September 30, 2023

The C code

The code is very short, and is pasted here as is:

#include <stdlib.h>
#include <stdio.h>
#include <err.h>
#include <string.h>

#define INITIAL_SIZE 256

typedef struct DynamicArray {
  // pointer to a pointer, so that I can free it!
  void** items;
  int len;
  int capacity;
  size_t item_size;
} DynamicArray;


DynamicArray* init_darray() {
  void* items = malloc(sizeof(void*) * INITIAL_SIZE);
  if (items == NULL) {
    err(EXIT_FAILURE, "DynamicArray->items initialisation");
  }
  DynamicArray* array = (DynamicArray*) malloc(sizeof(DynamicArray));
  if (array == NULL) {
    err(EXIT_FAILURE, "DynamicArray initialisation");
  }
  array->items = items;
  array->len = 0;
  array->capacity = INITIAL_SIZE;
  return array;
};


void insert_darray(DynamicArray* darray, void* item) {
  if ((darray->len + 1) >= darray->capacity) {
    int current_capacity = darray->capacity;
    int new_capacity = current_capacity * 2;
    void* tmp;
    tmp = realloc(darray->items, sizeof(void*) * new_capacity);
    if (tmp == NULL) {
      err(EXIT_FAILURE, "DynamicArray item insertion");
    }
    darray->items = tmp;
    darray->capacity = new_capacity;
  }
  darray->items[darray->len] = item;
  darray->len += 1;
};


void free_darray(DynamicArray* darray) {
  if (darray == NULL) {
    return;
  }
  for (int i = 0; i < darray->len; i++) {
    free(darray->items[i]);
  }
  free(darray->items);
  free(darray);
};

In order to initialise an array of one's, we can do the following:

// insert 1,000 ints with value `1` in the array.
for (int i = 0; i < 1000000000; i++) {
  int* item = (int*) malloc(sizeof(int));
  *item = 1;
  insert_darray(int_array, item);
}
free_darray(int_array);

The equivalent Python code

Python is bolted-on with many syntax sugary things:

int_array = [1 for i in range(1_000_000_000)]

The performance comparison

I've just fired a very cheeky test to compute an array of a billion integers:

time python array.py
>> 18.01s user 1.06s system 99% cpu 19.167 total

We only care about the user time, because that's the time the actual CPU spent running the script. Now the C code:

time ./a.out
>>> 4.04s user 2.96s system 99% cpu 7.042 total

To be honest, this doesn't look like a huge difference for an array of a billion elements in a test like this. But we think about economy of scale, this compounds a lot.

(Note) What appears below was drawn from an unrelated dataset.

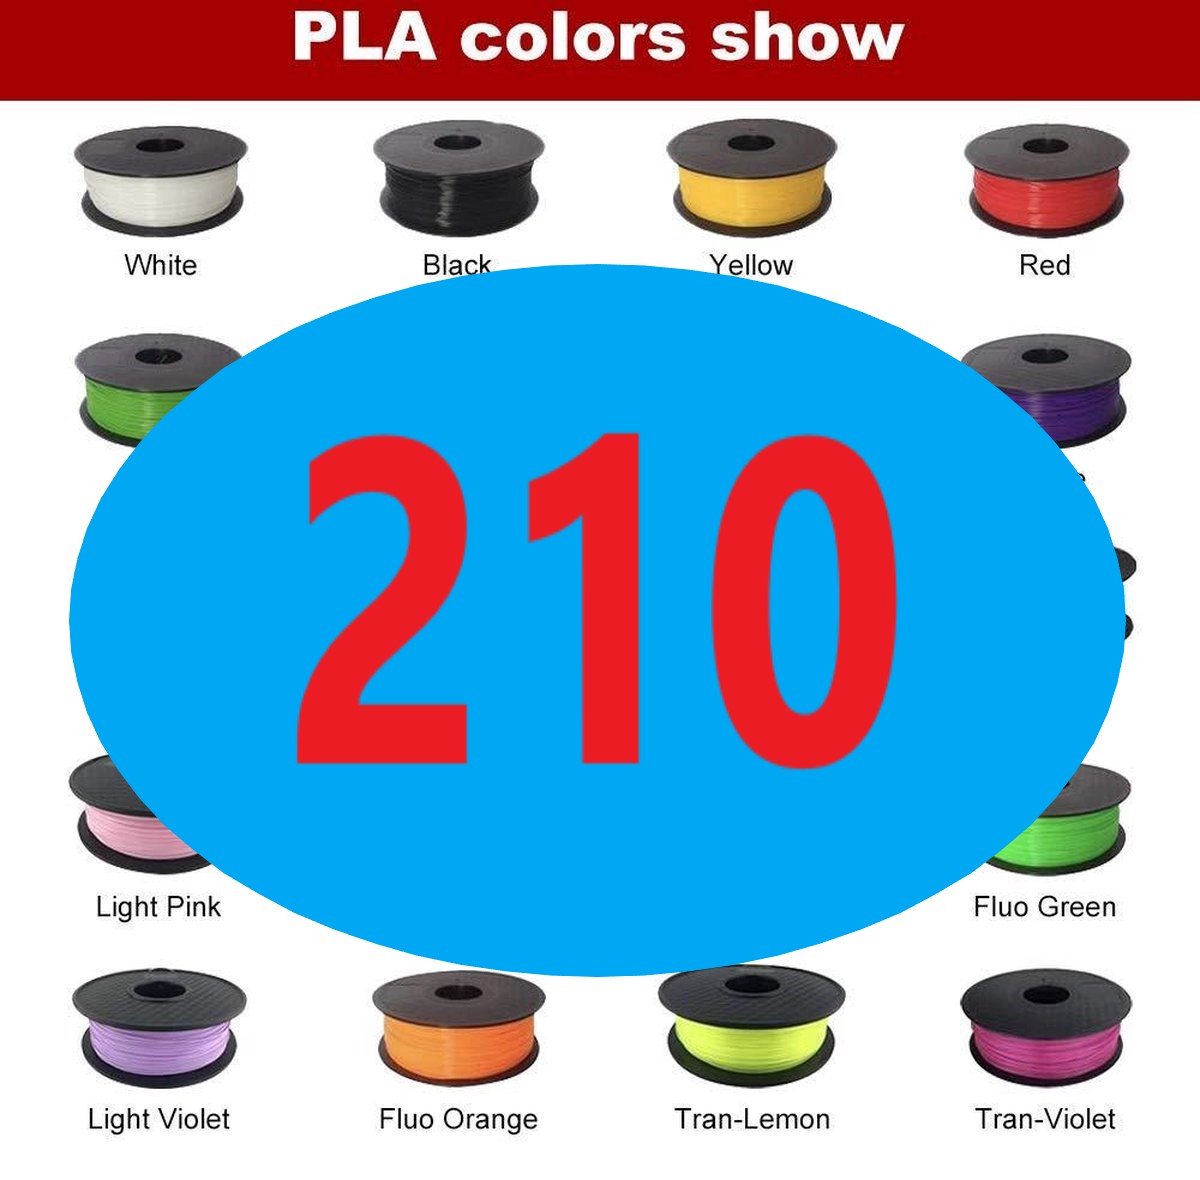 YEMCreative® PLA 3D Pen NaVulling - PLA Filament - 3D pen vullingen - 22  kleuren - 3D
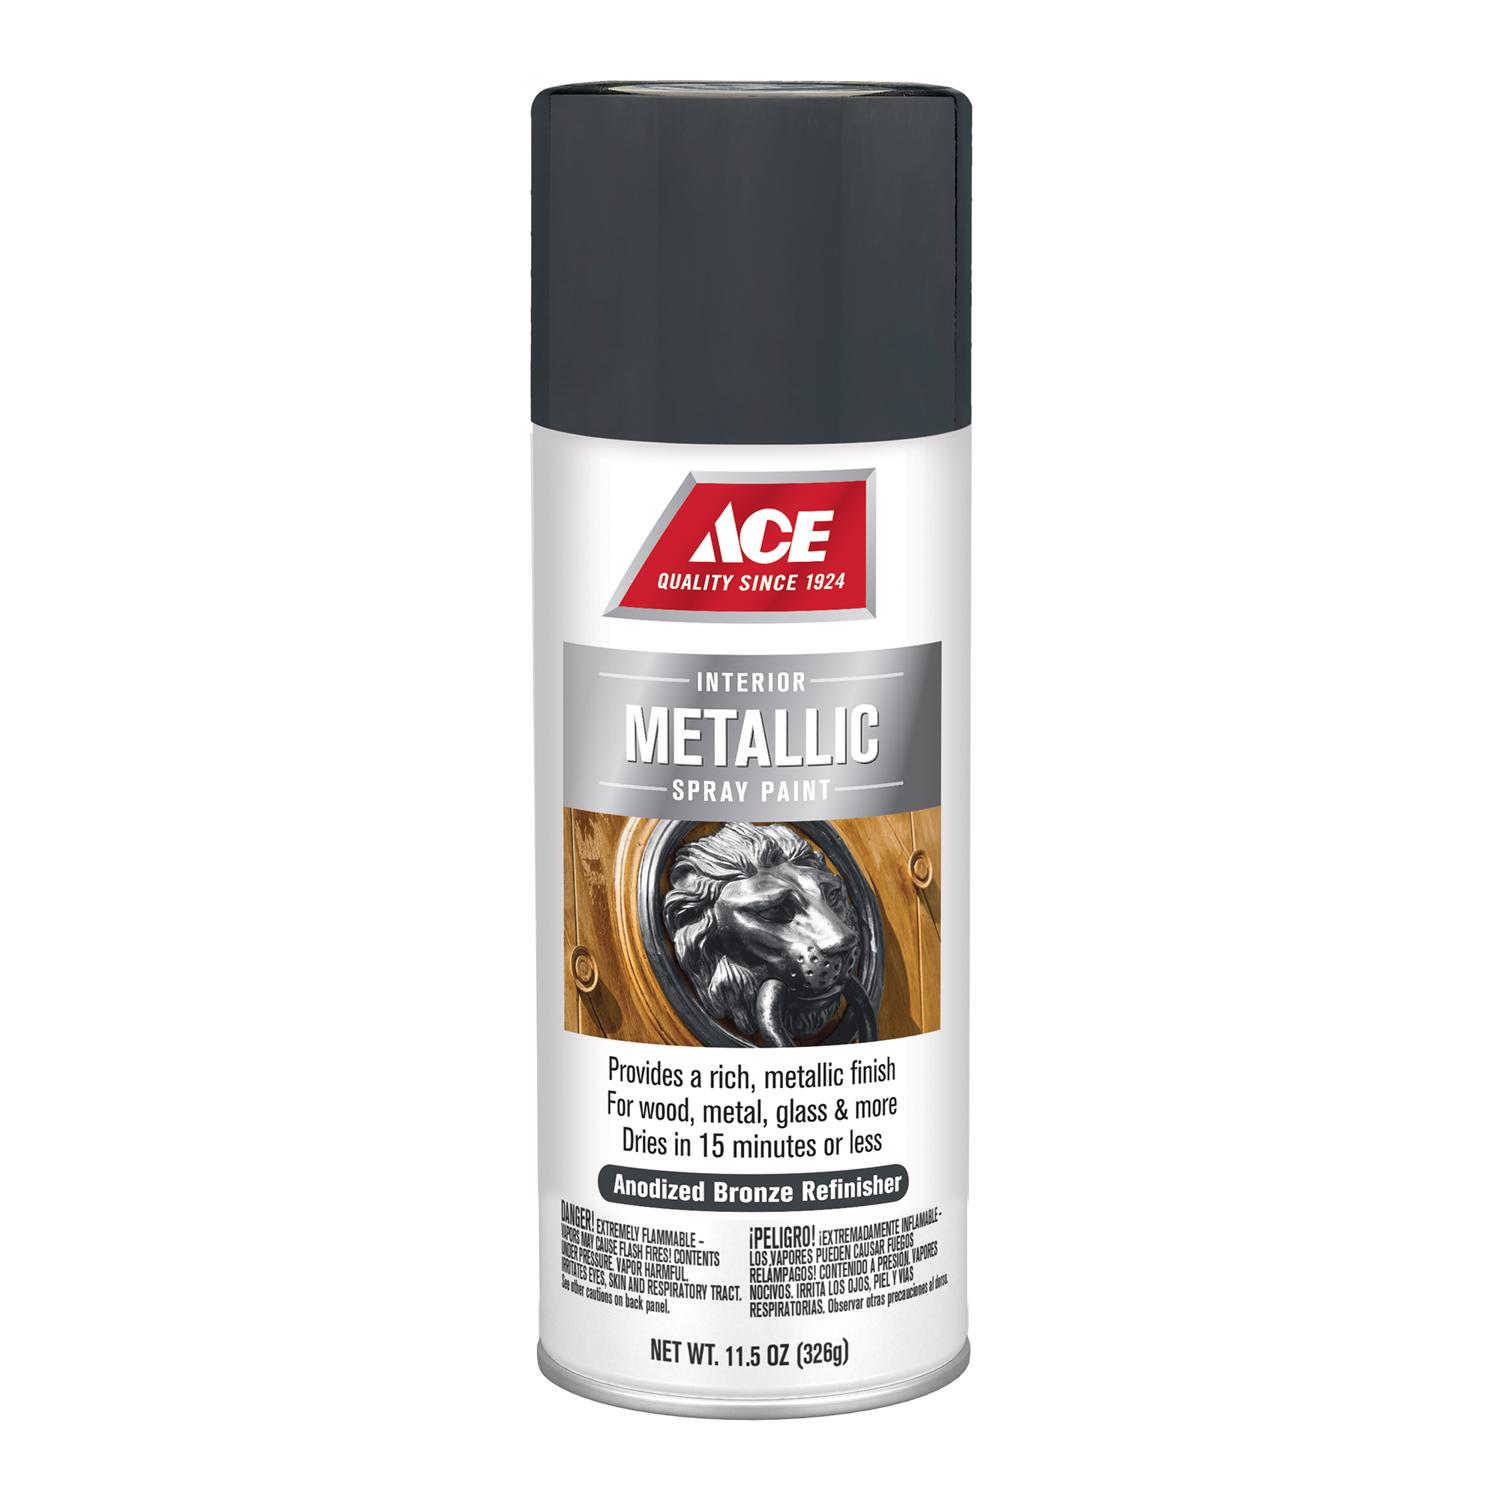 Ace Metallic Anodized Bronze Refinisher Spray Paint 11.5 oz

What about an array of user-defined types?

We were using int objects. This can be a bit of a cheat, specially because Python can have many optimisations in place for pure int objects.

Let's create a class and see how it performs instead:

class MySweetClass:
    field_a: int
    field_b: int
    field_c: int

    def __init__(self, a, b, c):
        self.field_a = a
        self.field_b = b
        self.field_c = c

int_array = [MySweetClass(1,1,1) for i in range(10_000_000)]

Note: I had to change the range to 10 million, because anything more than that blew up my laptop.

This gives us:

time python array.py
>>> 6.14s user 0.29s system 99% cpu 6.438 total

As for our C code:

typedef struct MySweetType {
  int field_a;
  int field_b;
  int field_c;
} MySweetType;

int main() {
  DynamicArray* array = init_darray();

  for (int i = 0; i < 10000000; i++) {
    MySweetType* item = (MySweetType*) malloc(sizeof(MySweetType));
    item->field_a = 1;
    item->field_b = 1;
    item->field_c = 1;
    insert_darray(array, item);
  }
  free_darray(array);
}

We've got:

a.out  0.18s user 0.11s system 99% cpu 0.292 total

In fact, I can still run 1 billion entries for about the same time penalty Python would've ran only 10 million.

a.out  6.19s user 3.37s system 98% cpu 9.744 total

Bonus: How about C++ vectors?

Here's the C++ code:

#include <vector>
#include <memory>

class MySweetClass {
public:
  int field_a;
  int field_b;
  int field_c;

  MySweetClass(int a, int b, int c) {
    field_a = a;
    field_b = b;
    field_c = c;
  }
};

int main() {
  std::vector<std::unique_ptr<MySweetClass>> array;

  for (int i = 0; i < 100000000; i++) {
    std::unique_ptr<MySweetClass> my_class = std::make_unique<MySweetClass>(1, 1, 1);
    array.push_back(std::move(my_class));
  }
}

Yields these results for a billion entries:

/tmp/a.out  4.97s user 3.30s system 97% cpu 8.510 total

This is faster than the C code. At this point I'm not exactly sure why. My guess is that the and the <unique_ptr> are highly optimised for this kind of use case.

What I need to try further

I imagine that the C code will be doing less load operations from memory than the Python code. A further step would be to try and figure out this number as the load-from-memory operations would be taking a good chunk of time.
Check if I could use 128bit registers for doing the arithmetics in C, this would further enhance performance of the C code.
The Python docs has a page on the array feature and expresses it as a efficient way of doing arrays for numeric values. This can perhaps better enhance the performance of our Python code.

Conclusion (for now)

Don't use Python (joking). But the truth is, as soon as you need an array of something that is not an int in Python, the performance does go downhill.